In February 2001, a deputy sheriff observed Gervasi’s vehicle exceeding the posted speed limit, and attempted to execute a traffic stop. Because Gervasi knew he had an outstanding warrant for probation violations, he attempted to elude the deputy. Gervasi eventually drove into a ditch and fled on foot, leaving an adult male and Gervasi’s seven-year-old nephew in the vehicle. Deputies unsuccessfully pursued Gervasi. After Ger *815 vasi voluntarily surrendered two days later, he was charged with eluding a police officer by driving in a manner as to endanger or be likely to endanger the property or the person of another, I.C. § 49-1404(2)(c), and with injury to a child for endangering his nephew, I.C. § 18-1501(1).

As part of a plea agreement, Gervasi entered a plea of guilty to the eluding charge, and the state dismissed the injury to a child charge. At the outset of the sentencing hearing, the district court explained the sentencing procedure to Gervasi, including Gervasi’s right to address the court. The judge stated, “After I hear the recommendations, Mr. Gervasi, I’ll give you a chance to make a statement. The law allows you and requires me to give you the chance to make a statement.” The district court did not thereafter offer Gervasi an opportunity to speak prior to sentencing. Instead, the court allowed both counsel to address the court, and then proceeded to impose a unified sentence of five years, with two years determinate. After ordering Gervasi into the custody of the bailiff, the court apparently realized that it had overlooked giving Gervasi an opportunity to exercise his right of allocution.
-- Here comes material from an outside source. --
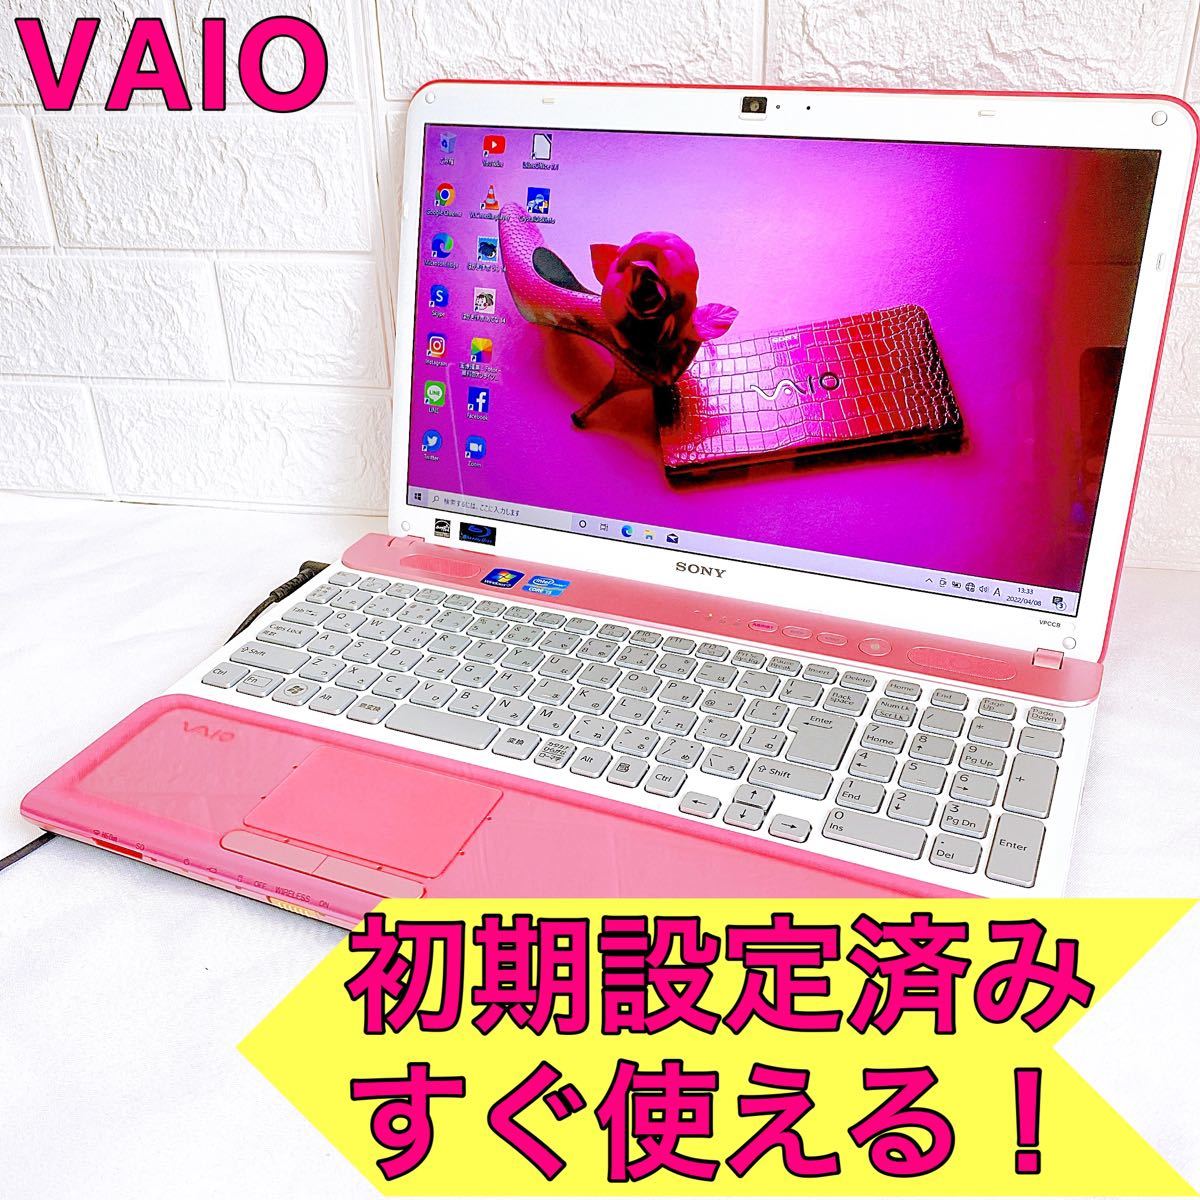 人気top 可愛いピンク Vaio Corei5 大容量 Webカメラ付 ブルーレイ搭載 すぐ使えるノートパソコン 仕事や趣味におススメ Windowsノート Reachahand Org

The court asked Gervasi as he was being escorted out if he wished to make a statement. Gervasi declined to make any statement. Gervasi subsequently filed a Rule 35 motion for reduction of sentence, which the district court denied. Gervasi timely appeals from the sentence and from the denial of his Rule 35 motion.

II.

ANALYSIS

A. Preservation of Claim on Appeal

Gervasi argues that the district court’s failure to afford him the opportunity to make a statement on his own behalf before sentencing requires a remand for resentencing and that the sentence imposed is excessive. Because we determine that the denial of Gervasi’s right of allocution is dispositive, we do not reach the issue of whether the sentence is excessive.

We first address, however, the state’s argument that the issue of denial of allocution cannot be raised for the first time on appeal. As a general rule, issues must be raised before the trial court in order to be considered on appeal. State v. Smith, 130 Idaho 450, 454, 942 P.2d 574, 578 (Ct.App.1997). A limited exception to this rule applies to criminal cases where “fundamental error” is shown. State v. Toohill, 103 Idaho 565, 566, 650 P.2d 707, 708 (Ct.App.1982). Fundamental error has been defined as error which goes to the foundation or basis of a defendant’s rights, goes to the foundation of the case or takes from the defendant a right which was essential to his or her defense and which no court could or ought to permit to be waived. State v. Babb, 125 Idaho 934, 940, 877 P.2d 905, 911 (1994).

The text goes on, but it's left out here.